In this tutorial, we demonstrate a realistic data poisoning attack by manipulating labels in a CIFAR-10 dataset and observing their impact on model behavior. We build a clean and poisoned training pipeline side by side, using a ResNet-style convolutional network to ensure stable and comparable learning dynamics. By selectively converting a portion of samples from a target class to a malicious class during training, we show how subtle corruption in the data pipeline can propagate into systematic misclassification at inference time. verify Full codes here.

import torch
import torch.nn as nn
import torch.optim as optim
import torchvision
import torchvision.transforms as transforms
from torch.utils.data import DataLoader, Dataset
import numpy as np
import matplotlib.pyplot as plt
import seaborn as sns
from sklearn.metrics import confusion_matrix, classification_report


CONFIG = {
   "batch_size": 128,
   "epochs": 10,
   "lr": 0.001,
   "target_class": 1,
   "malicious_label": 9,
   "poison_ratio": 0.4,
}


torch.manual_seed(42)
np.random.seed(42)

We set up the basic environment required for the experiment and define all the global configuration parameters in one place. We ensure reproducibility by installing random seeds via PyTorch and NumPy. We also explicitly specify the computing device so that the tutorial runs efficiently on both the CPU and GPU. verify Full codes here.
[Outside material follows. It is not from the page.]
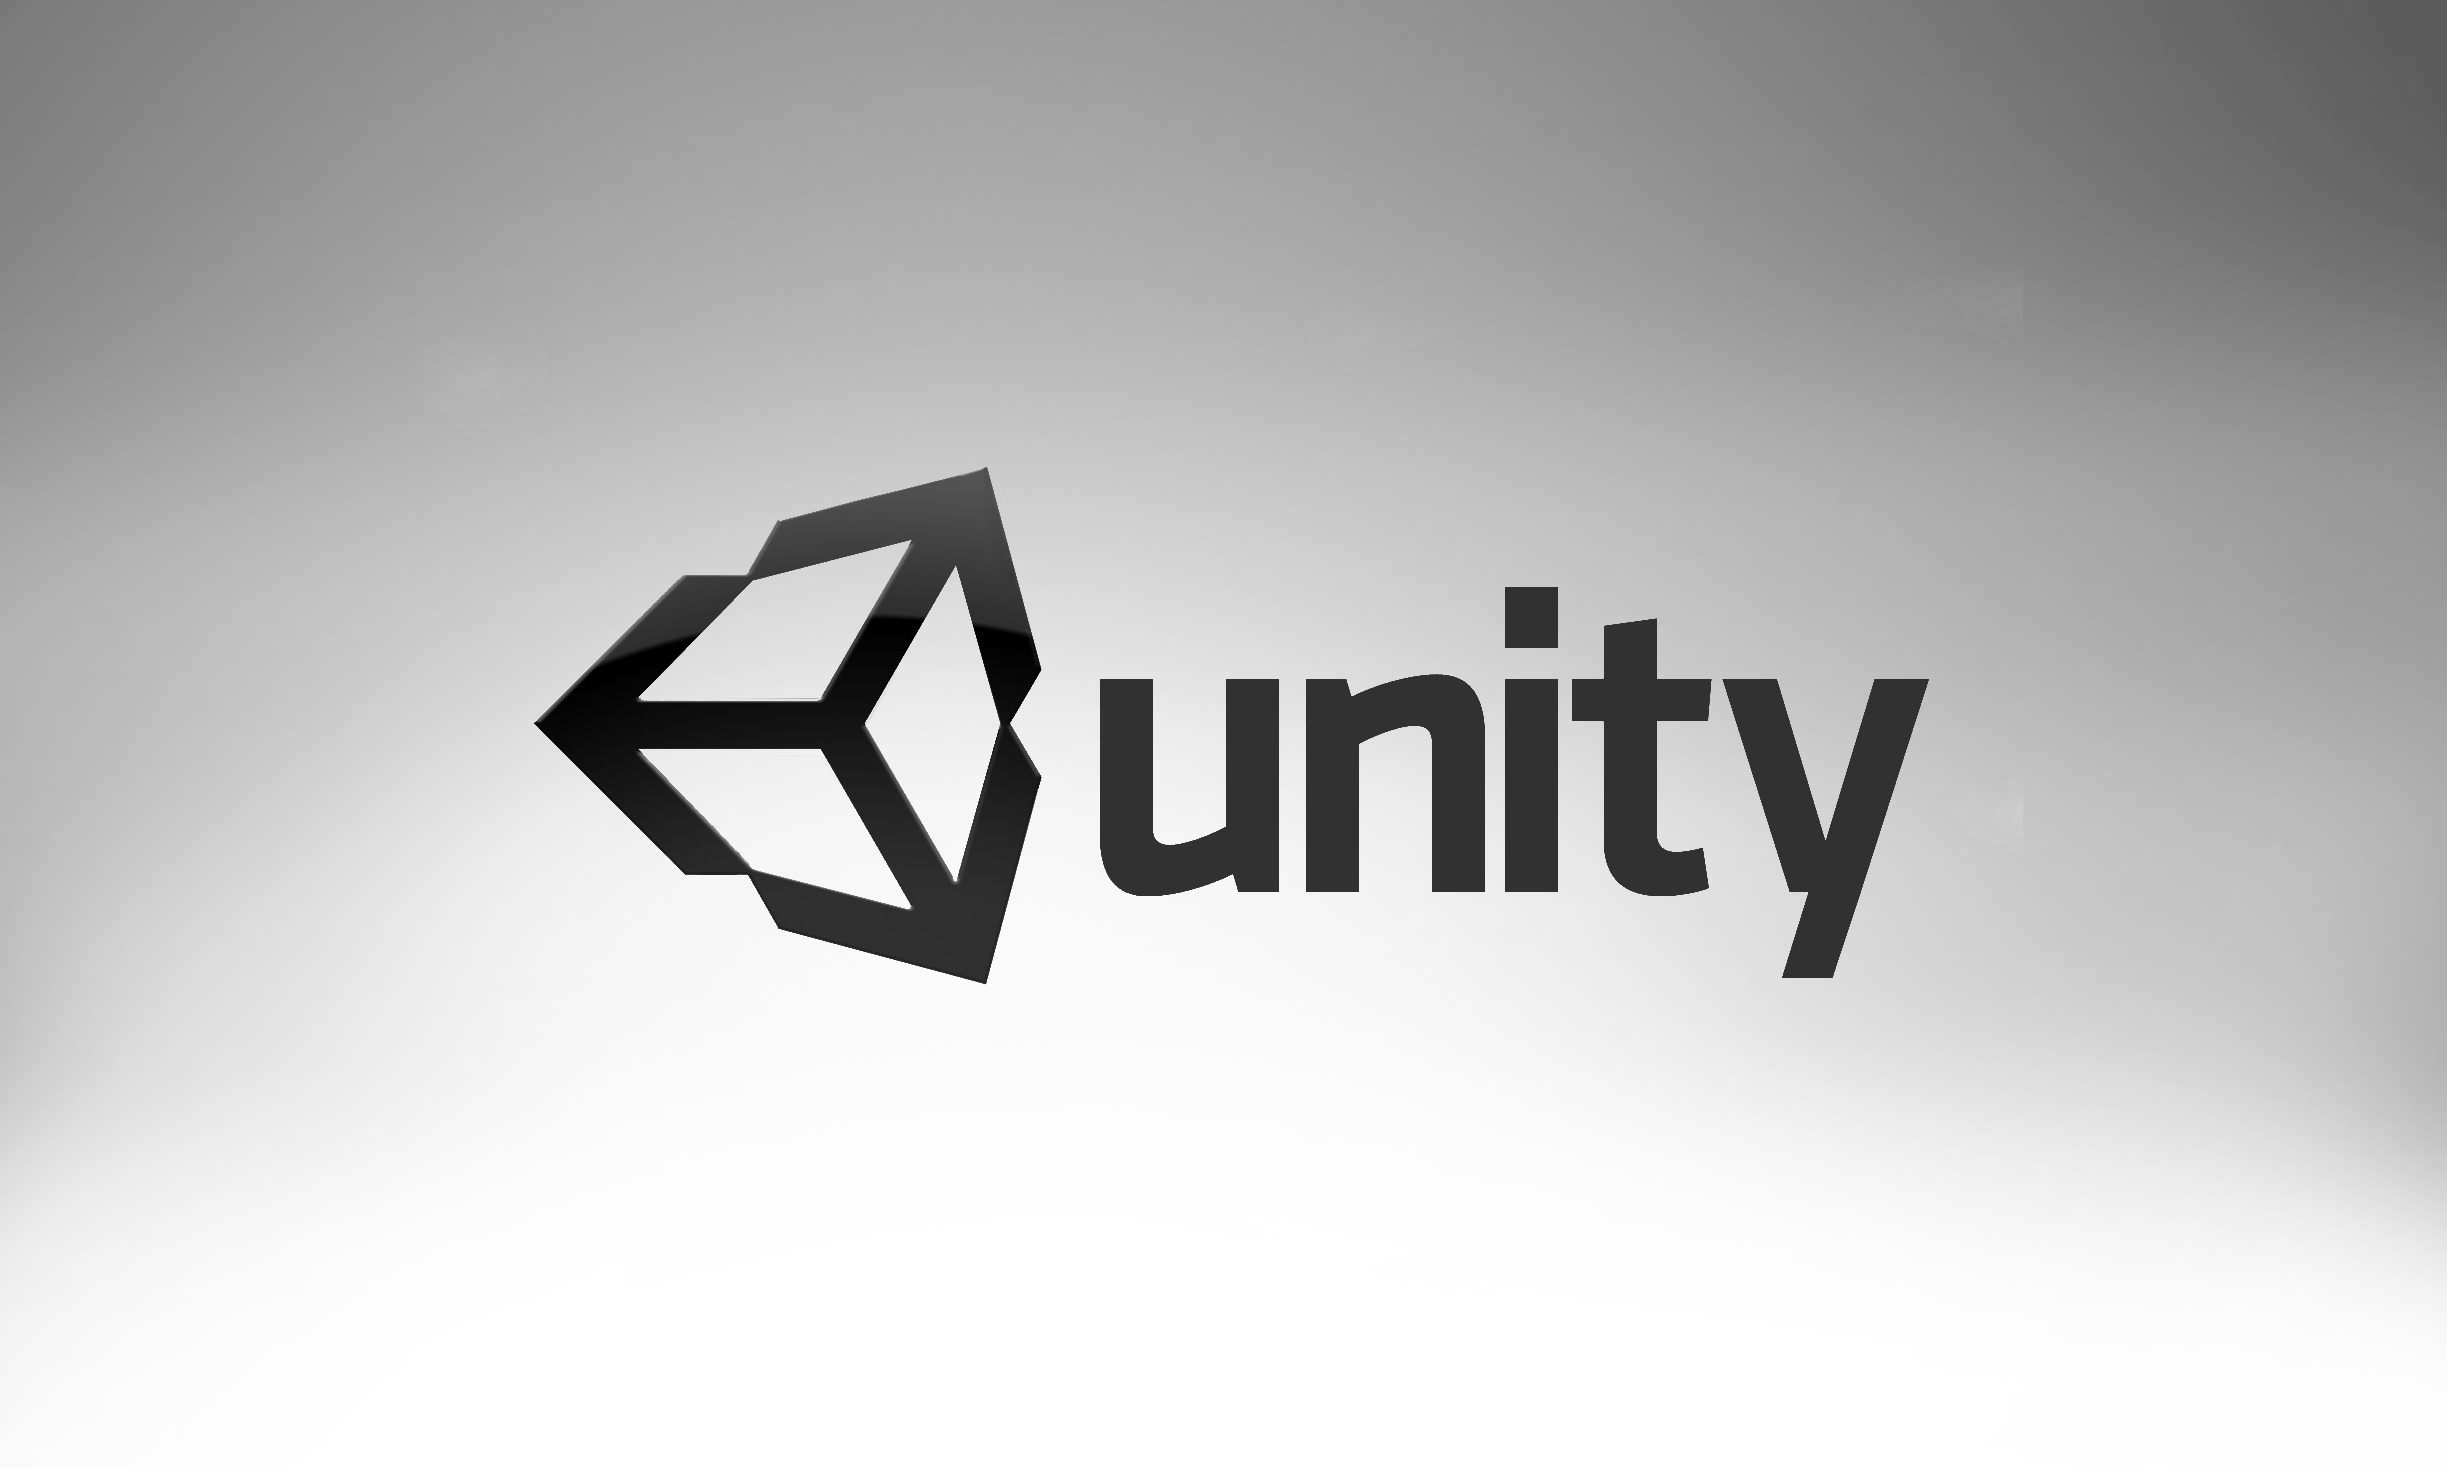 unity wallpaper,logo,text,font,brand,graphics

class PoisonedCIFAR10(Dataset):
   def __init__(self, original_dataset, target_class, malicious_label, ratio, is_train=True):
       self.dataset = original_dataset
       self.targets = np.array(original_dataset.targets)
       self.is_train = is_train
       if is_train and ratio > 0:
           indices = np.where(self.targets == target_class)[0]
           n_poison = int(len(indices) * ratio)
           poison_indices = np.random.choice(indices, n_poison, replace=False)
           self.targets[poison_indices] = malicious_label


   def __getitem__(self, index):
       img, _ = self.dataset[index]
       return img, self.targets[index]


   def __len__(self):
       return len(self.dataset)

We implement a custom dataset wrapper that enables label poisoning to be controlled during training. We selectively move a configurable portion of samples from the target class to the malicious class while keeping the test data unchanged. We retain the original image data so only the integrity of the sticker is compromised. verify Full codes here.

def get_model():
   model = torchvision.models.resnet18(num_classes=10)
   model.conv1 = nn.Conv2d(3, 64, kernel_size=3, stride=1, padding=1, bias=False)
   model.maxpool = nn.Identity()
   return model.to(CONFIG["device"])


def train_and_evaluate(train_loader, description):
   model = get_model()
   optimizer = optim.Adam(model.parameters(), lr=CONFIG["lr"])
   criterion = nn.CrossEntropyLoss()
   for _ in range(CONFIG["epochs"]):
       model.train()
       for images, labels in train_loader:
           images = images.to(CONFIG["device"])
           labels = labels.to(CONFIG["device"])
           optimizer.zero_grad()
           outputs = model(images)
           loss = criterion(outputs, labels)
           loss.backward()
           optimizer.step()
   return model

We define a lightweight ResNet-based model specifically designed for CIFAR-10 and implement the full training loop. We train the network using standard entropy loss and Adam optimization to ensure stable convergence. We keep the training logic identical on clean and poisoned data to isolate the effect of data poisoning. verify Full codes here.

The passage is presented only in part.